= Railway block code =

British railway signalling system

The railway block signalling bell code is a system of bell sounds used in Great Britain to communicate between manually operated Signal Boxes in implementing the railway block system. (The bell system is not used in modern power signal boxes, other than to any older adjacent signalboxes.) Each such signal box has a bell circuit to the boxes on either side of it along the line. The equipment consists of a plunger or tapper (rather like a Morse key) which when pressed, rings a single-stroke bell in a neighbouring box. That box similarly has a tapper for communicating back, so boxes have keys each of which rings the bell in a neighbouring box. The bells sound different tones, so that the signalman can tell them apart by ear.

== Examples ==

Although codes varied from region to region, the following shows a few selected standard UK bell codes:

| Code | Meaning |
|---|---|
| 1 bell | Call attention |
| 2 bells | Train entering section |
| 2 - 3 bells (2 bells, pause, 3 bells) | Is line clear for light engine? |
| 2 - 2 - 1 | Is line clear for empty coaching stock train? |
| 3 | Is line clear for stopping freight train? |
| 3 - 1 | Is line clear for stopping passenger train? |
| 3 - 1 - 1 | Is line clear for express freight train? |
| 4 | Is line clear for express passenger train? |
| 4 - 1 | Is line clear for mineral or empty wagon train? |
| 2 - 1 | Train arrived |
| 3 - 3 | Blocking back outside home signal |
| 5 - 2 | Release token [for single line sections only] |
| 2 - 5 | Token replaced |
| 5 - 5 - 5 | Opening signal box |
| 7 - 5 - 5 | Closing signal box |
| 6 | Obstruction danger |
| 4 - 5 - 5 | Train running away on Right Line |
| 2 - 5 - 5 | Train running away on Wrong Line |
| 16 | Testing bells and instruments |

== Typical use ==

These would be used as follows (assuming a simple exchange between two signal boxes on a plain section of line) between two signal boxes A and B. Assume a train is to pass from the block controlled by A to the block controlled by B. This must be agreed and permitted by the signalman in box B. Here is the sequence of bell codes and associated actions:

1. Box A sends 1 bell to box B. (Call attention.)
2. Box B replies with 1 bell to box A. (Acknowledgement, indicating readiness.)
3. Box A sends 4 bells to box B. (Is line clear for express passenger train?)
4. Box B sends 4 bells to box A. (Acknowledgement, if in the position to accept the train giving permission for box A to signal the train into the block controlled by B.)
5. (when the signalled train enters the portion of line between A and B.) Box A sends 2 bells to box B (Train entering section) as the train passes box A and enters the block controlled by B. This is acknowledged by box B.
6. Box B sends 2 - 1 bells to box A (Train out of section) after confirming that the train has arrived complete and no portion of it remains within the block section between A and B or the clearing point for that section.
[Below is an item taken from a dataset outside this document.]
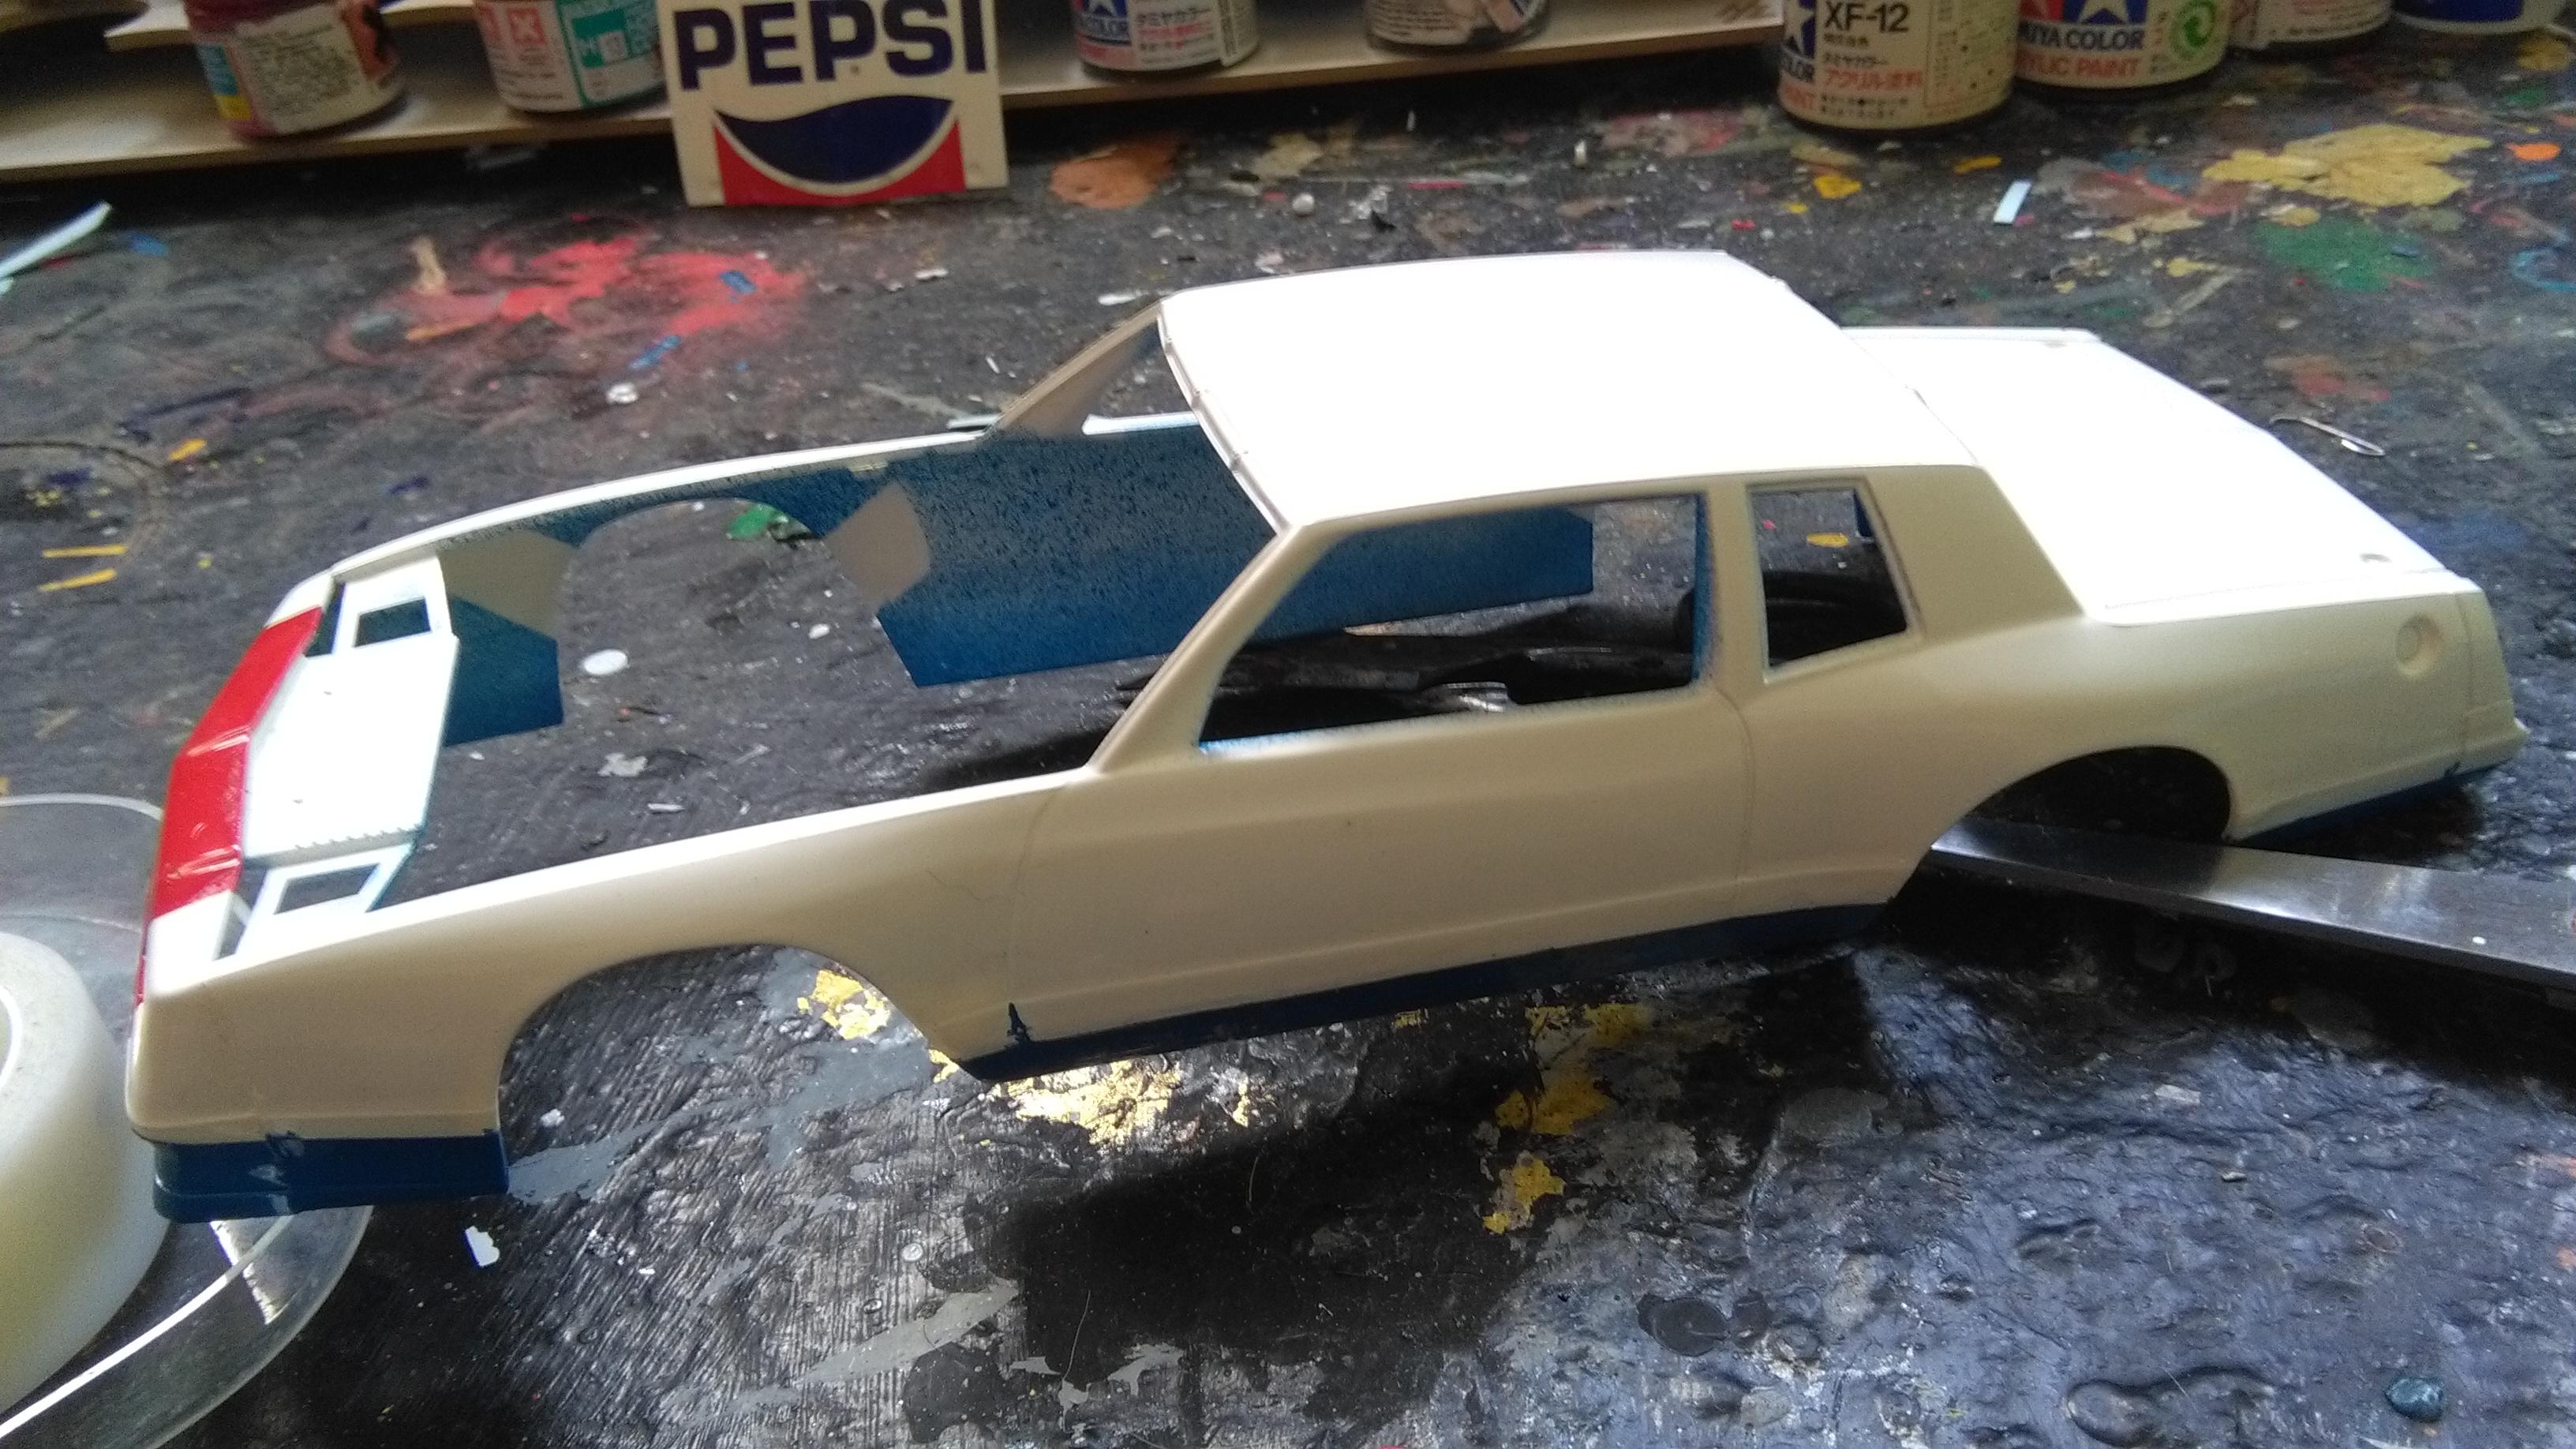 Chevy Monte-Carlo 1983 #11 Darrell Waltrip Pepsi  278234IMG20170429133214

This could be done by the guard of the train notifying the signalman or by the signalman observing the tail-lamp. This is acknowledged by box A.

== See also ==
- Bell codes are used on multiple unit trains for communication between drivers and guards, but are not the codes listed above.
- Whistle codes are used by railway engines to communicate with signal boxes and other staff.